Many solutions have been developed to solve the problem of working with CSV files, some enthusiasts have worked the problem in VBA, an action that is considered by many as unsuccessful and unfortunate since Excel has tools such as Power Query that allow importing data into worksheets in a simple way and with great processing power.

However, using Power Query implies establishing a physical connection to each data source (CSV file). If you want to process the data from VBA, using data arrays to store the imported information (without create a connection, write data to a worksheet, copy the information to an array, delete the connection and delete the data from the worksheet) you must use VBA CSV interface to achieve your goals.

Does VBA CSV interface have any dependencies?
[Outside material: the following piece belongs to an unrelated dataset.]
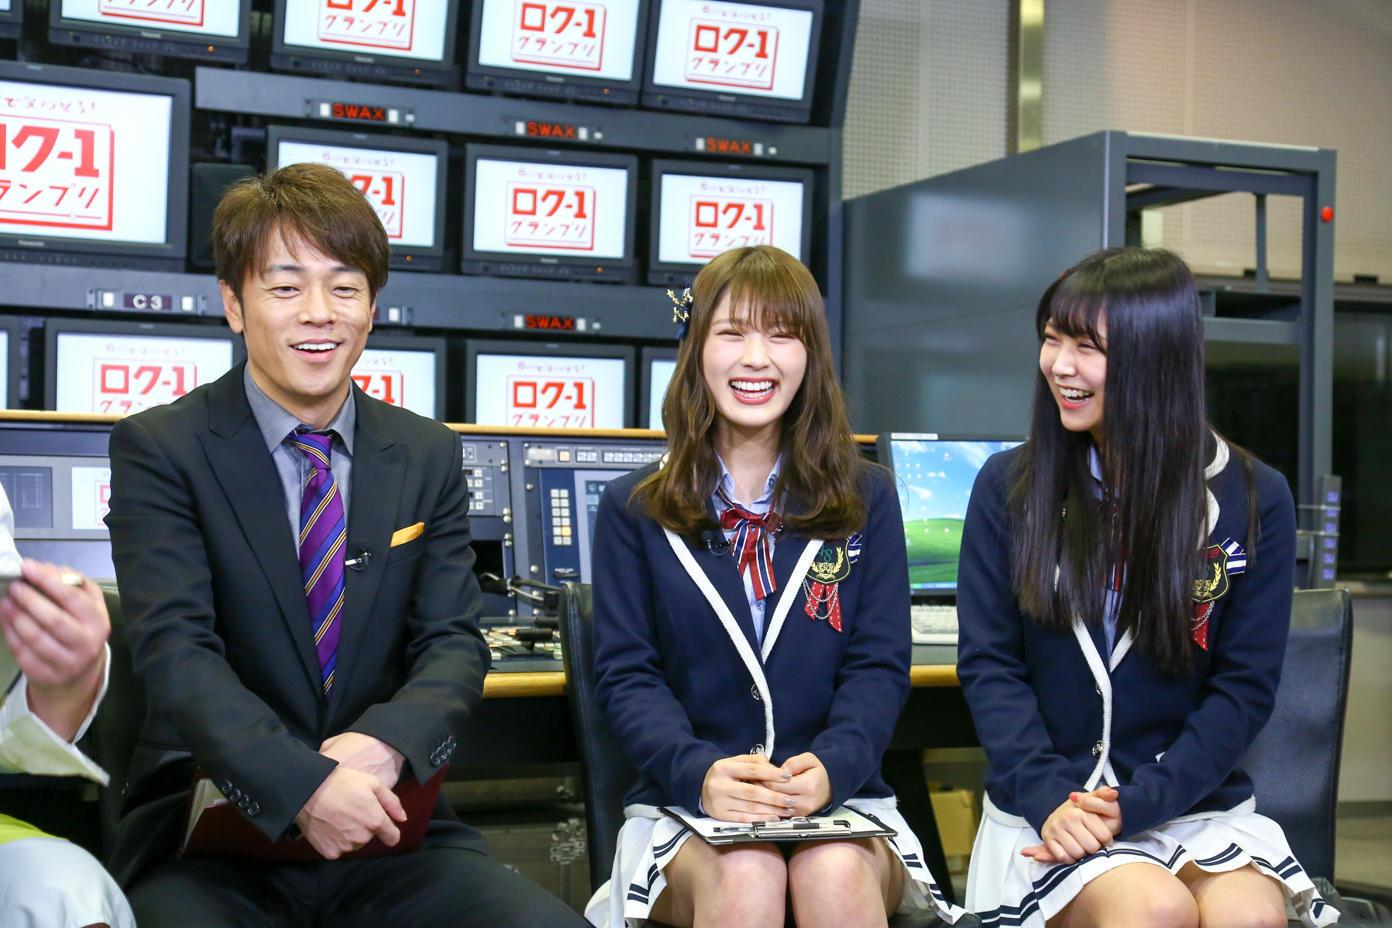 http://news.yoshimoto.co.jp/20171029200804-43dba713f1dae9dda1759eb3bf9cf7ae7dcbb077.jpg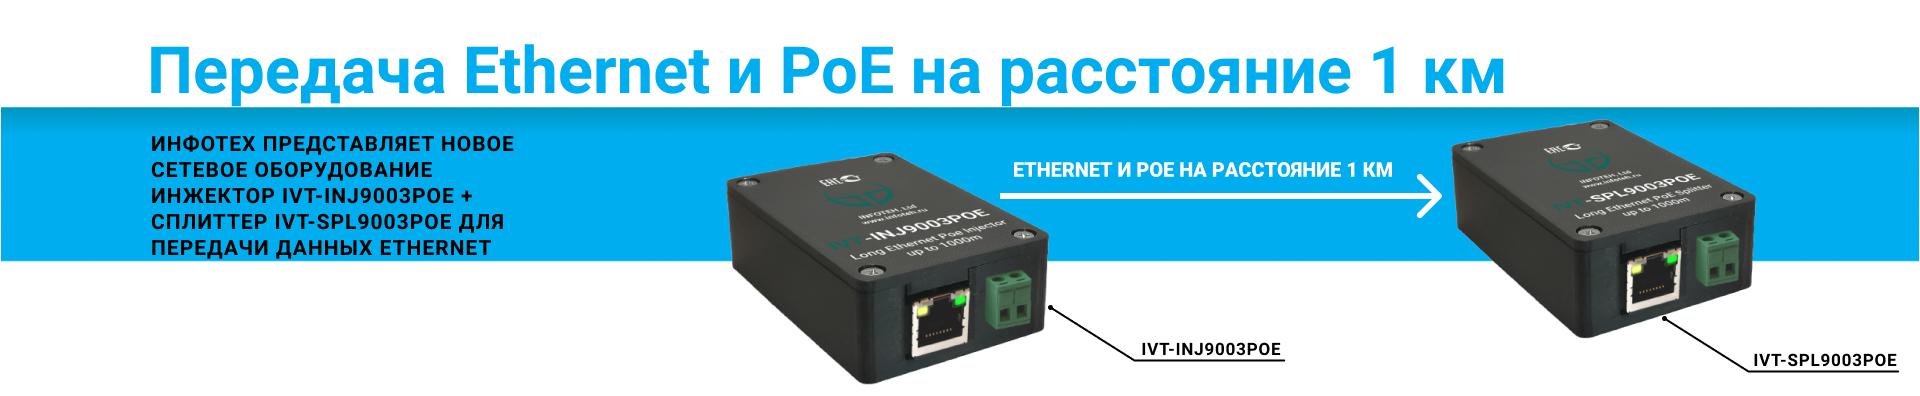 Передача Ethernet и PoE на расстояние 1 км

Yes. The VBA CSV interface library is composed of the following class modules:

Please review the instalation page.

Which Microsoft applications is it compatible with?

For the moment, VBA CSV interface can run over Microsoft Excel and Microsoft Access.

Can I contribute something?

Yes, Please! VBA CSV interface is an open source project. I don’t want to do this all by myself. Take a look to the GitHub project page and hack the code. If you’re making a significant change, open an issue first so we can talk about it.

Performance

Why do recent versions of VBA CSV interface have lower performance?

Some users of the VBA CSV interface have complained that the library has inferior performance to the prior versions. It should be noted that, starting with version 3 of this library, the choice has been made to offer greater usability at the cost of performance loss.

For example, it has been decided to use jagged arrays and a specialized class module to store the information imported from CSV files. How does this decision impact performance? In the early versions of VBA CSV interface the data was stored in two-dimensional arrays of type Strings, since version 3 the Variant data type is used which can be translated into performance loss. In the same vein, the implementation of jagged arrays results in a loss of performance in VBA.

Why the change from String data types to Variant type?

Jagged arrays require the parent array to be of type Variant to contain another array inside, the inner arrays need to be declared as of type Variant to provide the user with dynamic typing capability, a feature not present in versions prior to VBA CSV interface v3.

Why implement jagged arrays?

Previous versions of VBA CSV interface appended additional empty fields to ALL records, this happened when importing CSV files in which the records did not have the same amount of fields in the whole file. As a result, for example, if the user decided to export the imported information from a file in which the first line (header) had 12 fields, with most of the records in this CSV only containing the first 5 or 7 fields, the file that was written (after exportation) contained several consecutive commas until the 12 fields per line were completed. This problem is solved with the implementation of jagged arrays.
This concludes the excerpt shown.